My Ph.D. focused on understanding the immune system of spotted hyenas, and how ecology affects immune function in hyenas. Spotted hyenas are highly social and frequently engage in aggressive interactions; therefore, if a pathogen enters a hyena population and is capable of replicating, it is likely to spread throughout the population. Populations of other large carnivores such as African lions (Panthera leo) and wild dogs (Lycaon pictus) have undergone large fluctuations in population size due to outbreaks of canine distemper virus (CDV) and rabies, but hyena populations remained stable during the same periods. Despite documented seroprevalences of 37%, 47%, and 87% for antibodies to rabies, CDV, and anthrax, respectively, hyena populations under intense study exhibited little or no mortality from disease.
Following the completion of Ph.D. I moved to Australia and began working as a postdoctoral research associate in the Experimental Therapeutics Laboratory under the direction of John Hayball and Kerrilyn Diener at UniSA.
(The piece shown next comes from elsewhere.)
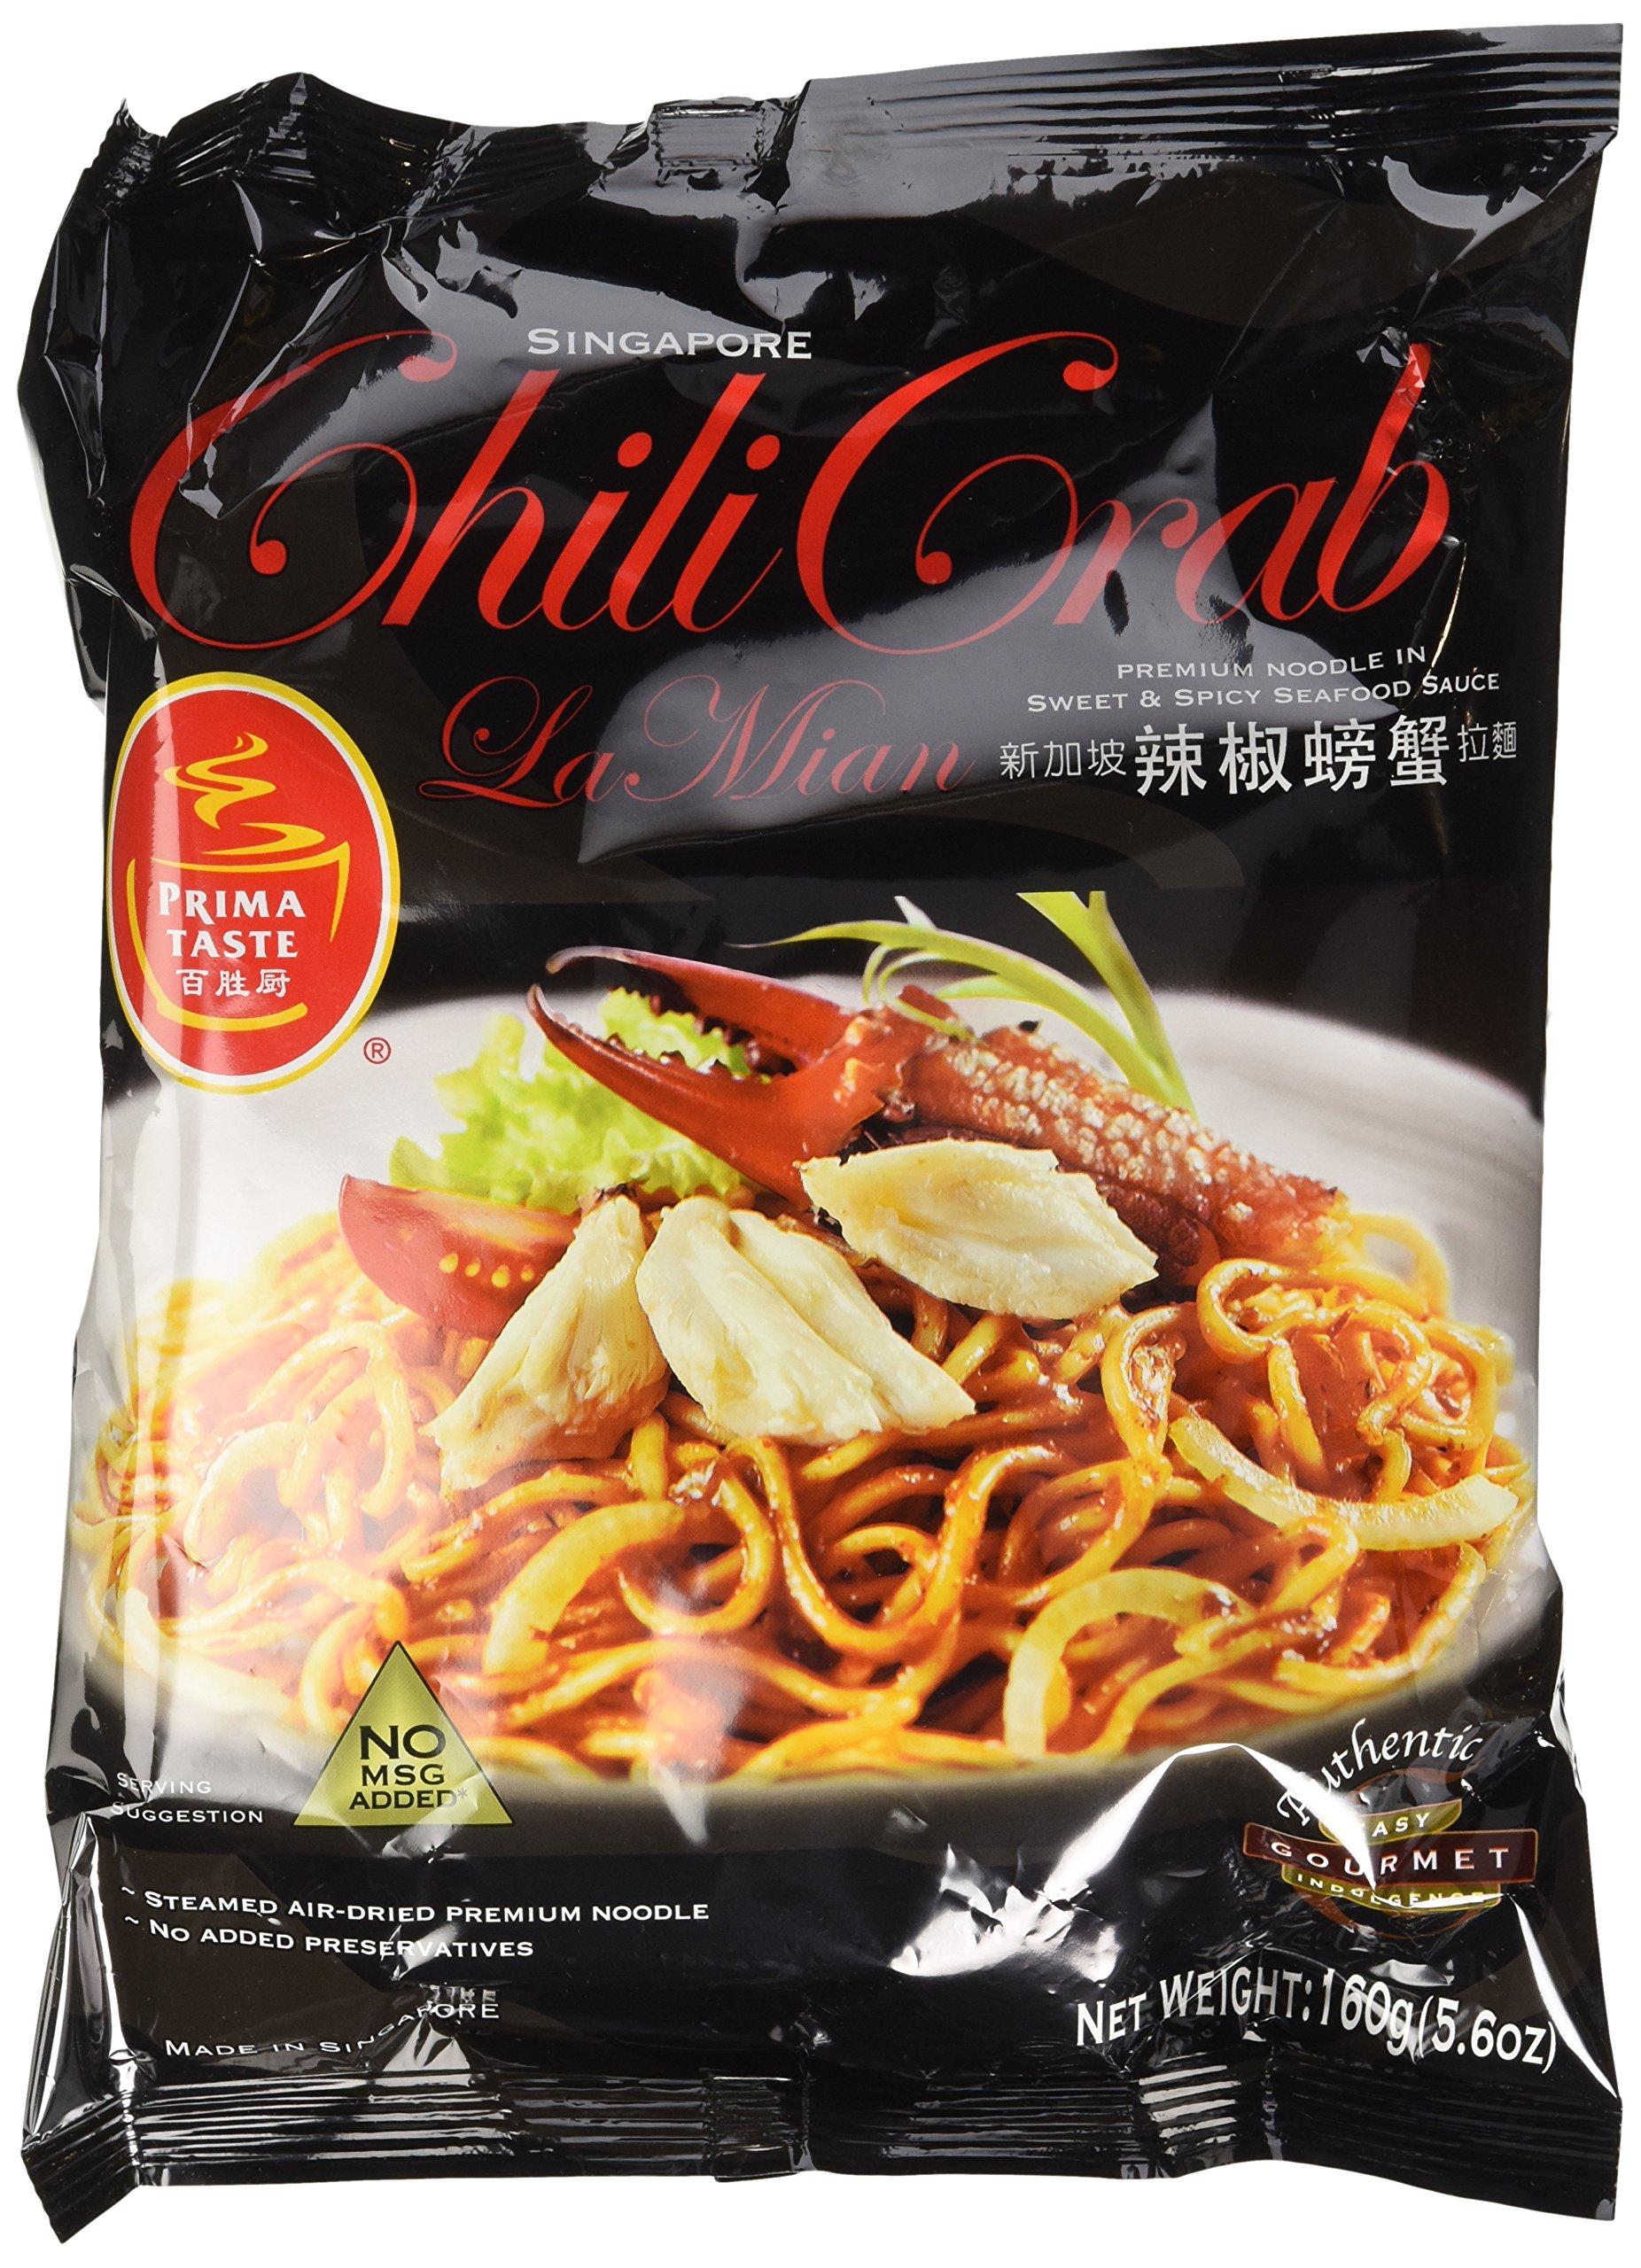 Prima Taste Singapore Chilli Crab Lamian Noodles, Pack of 12

In 2014 I began working to understand why Tasmanian devils do not mount an immune response against genetically mis-matched transmissible tumors. The project was initially funded by a Dr Eric Guiler Tasmanian Devil Research Grant from the Save the Tasmanian Devil and a Sansom Institute grant to develop immunotherapeutics to treat Tasmanian devils that are infected with the devil facial tumour disease (DFTD). I am now employed jointly by the University of Tasmania and the University of South Australia, with the majority of my salary coming from a Morris Animal Foundation postdoctoral research fellowship. The approach we are taking is based on similar immunotherapeutics that have achieved unprecedented success in treating human cancer (Science Magazine Breakthrough of the Year 2013). We have made great progress recently and have developed more than 23 new monoclonal antibodies that target the checkpoint molecules CTLA4, PD-1, and B7-H1.
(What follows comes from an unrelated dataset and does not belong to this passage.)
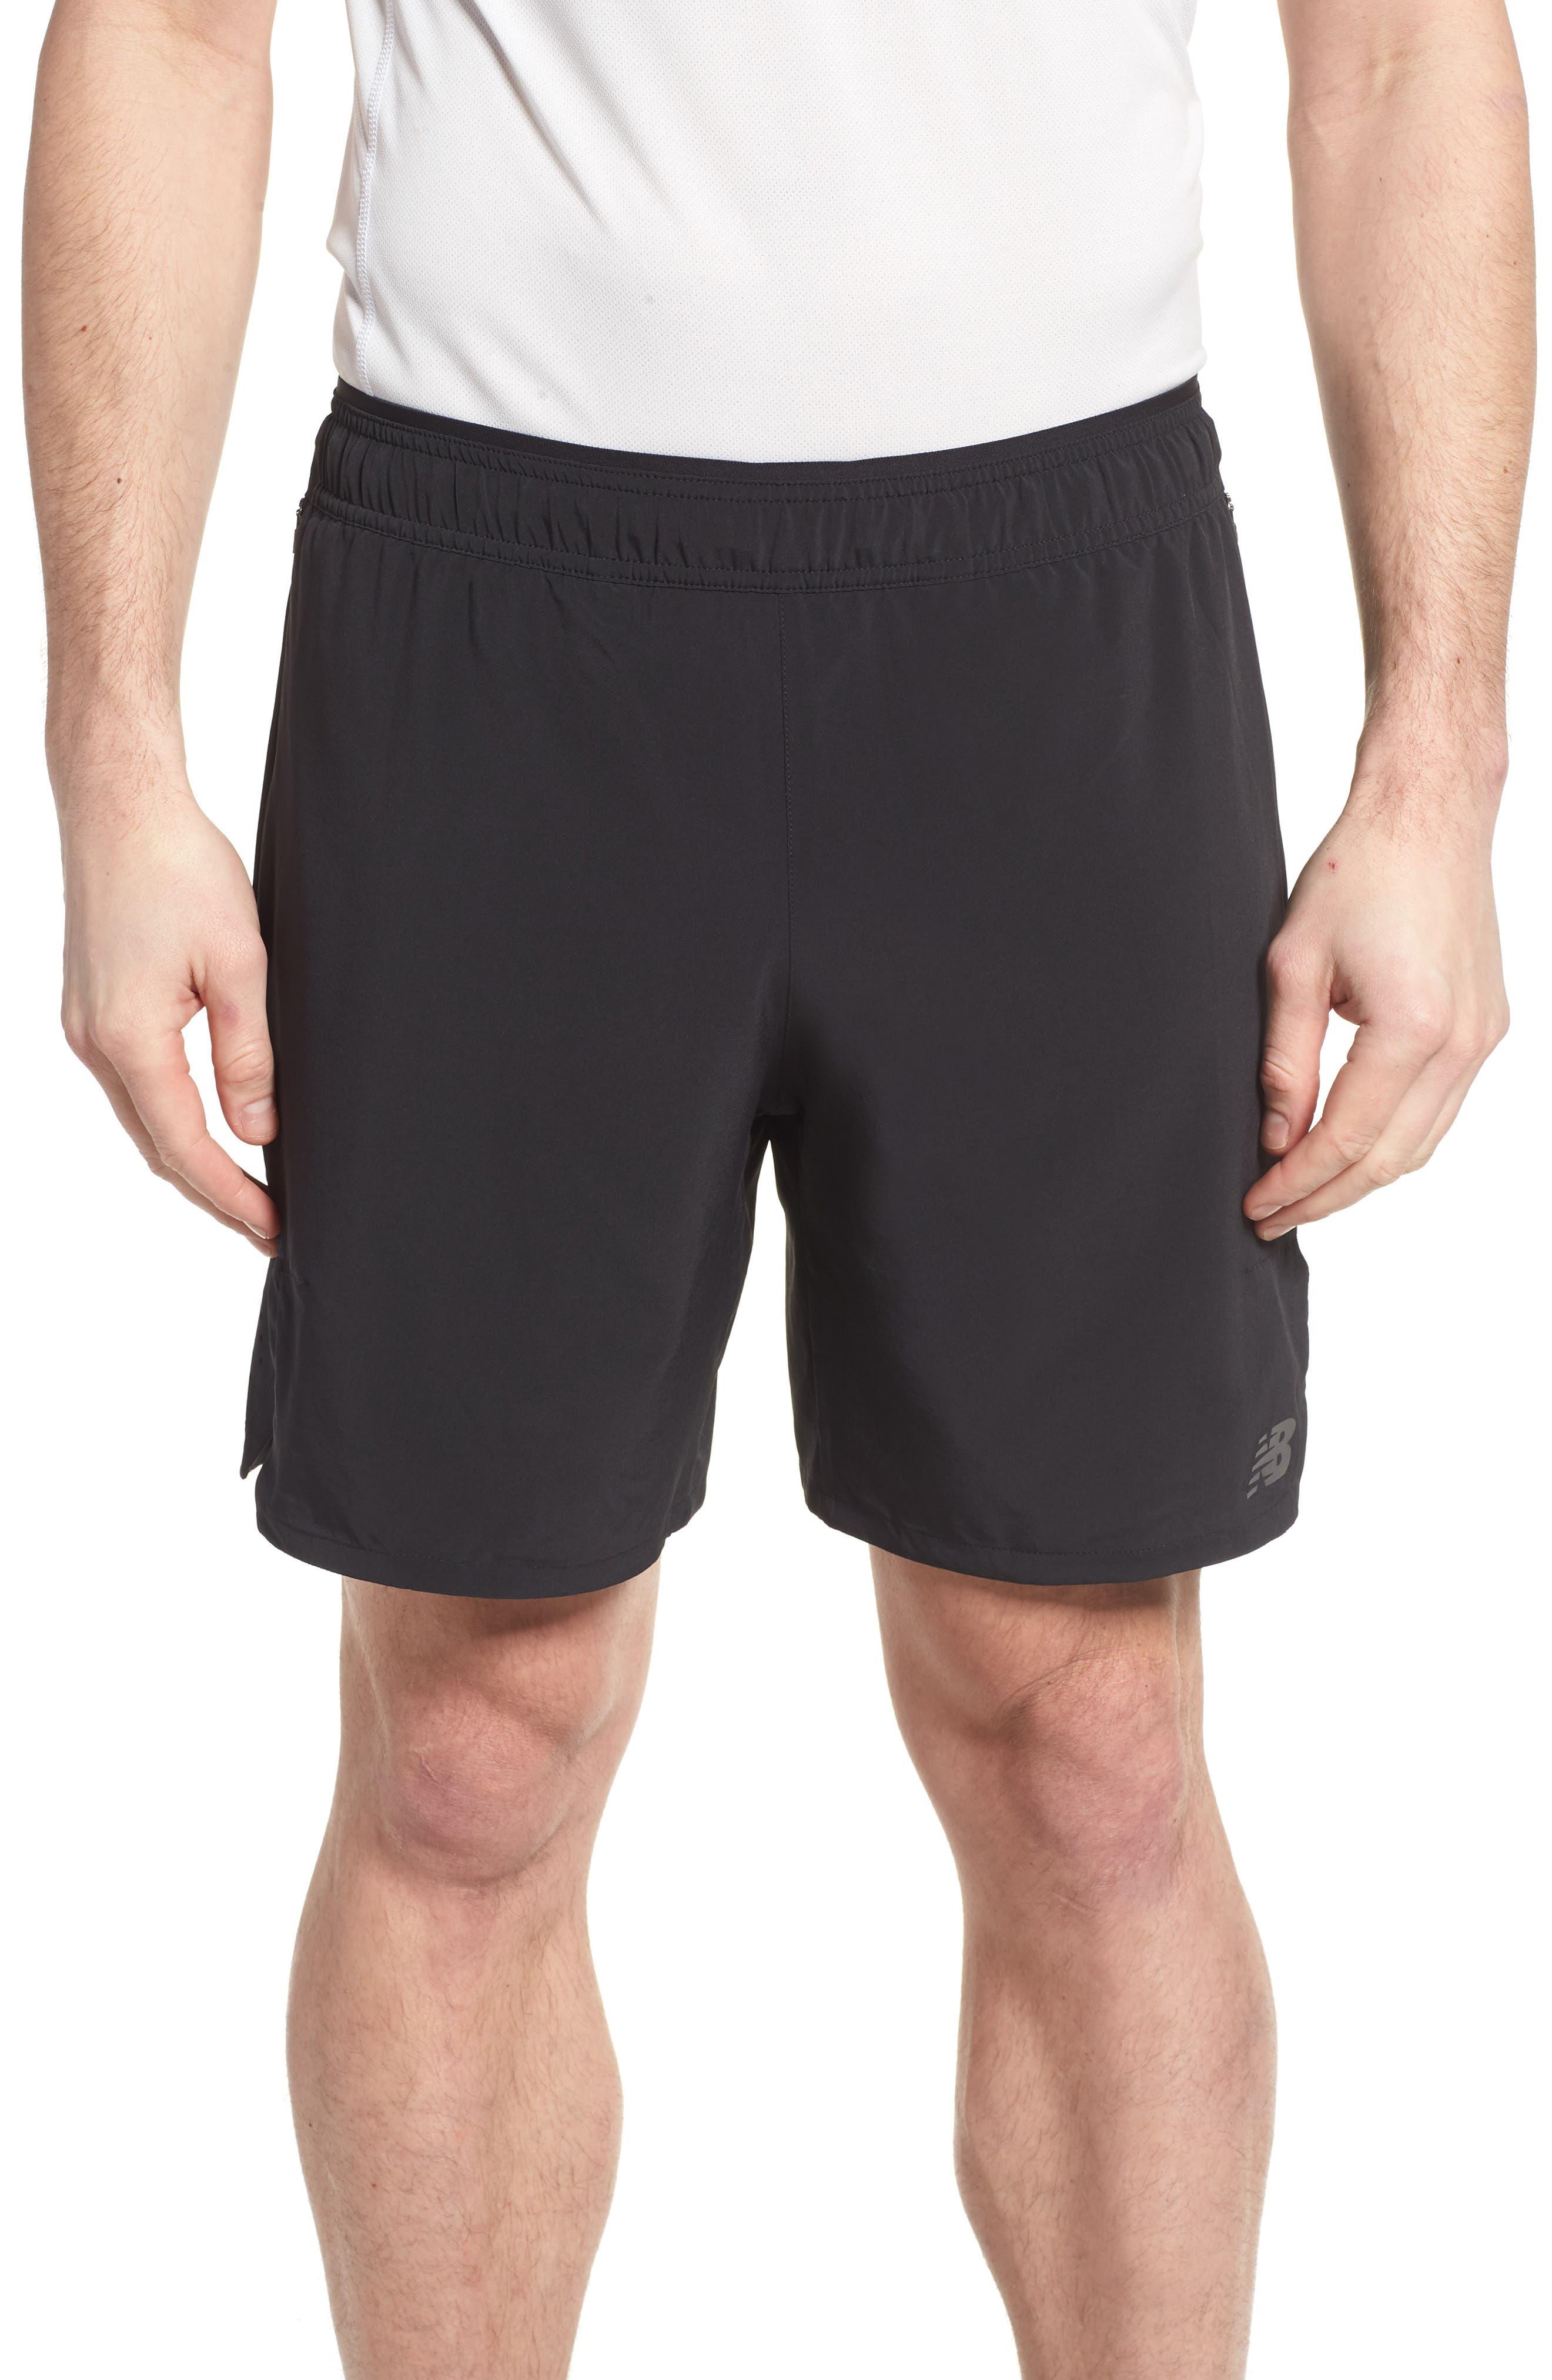 Transform 2-in-1 Shorts,                             Main thumbnail 1, color,                             BLACK

Prior to enrolling as a Ph.D. student at MSU, I worked in the immunology lab of Lieping Chen. Dr. Chen’s laboratory specializes in functional characterization of interactions among cell surface molecules. Much of the research is focused on costimulatory signaling in lymphocytes and how these signals can modulate immune function in relation to cancer and autoimmune diseases. My primary job functions were to produce new hybridomas that produce antibodies against novel cell surface molecules and characterize the antibodies using ELISA, flow cytometry (FACS), Western blots and T cell proliferation assays. As lab manager I was also responsible for day to day operations of the lab and helping with IACUC and IRB protocols.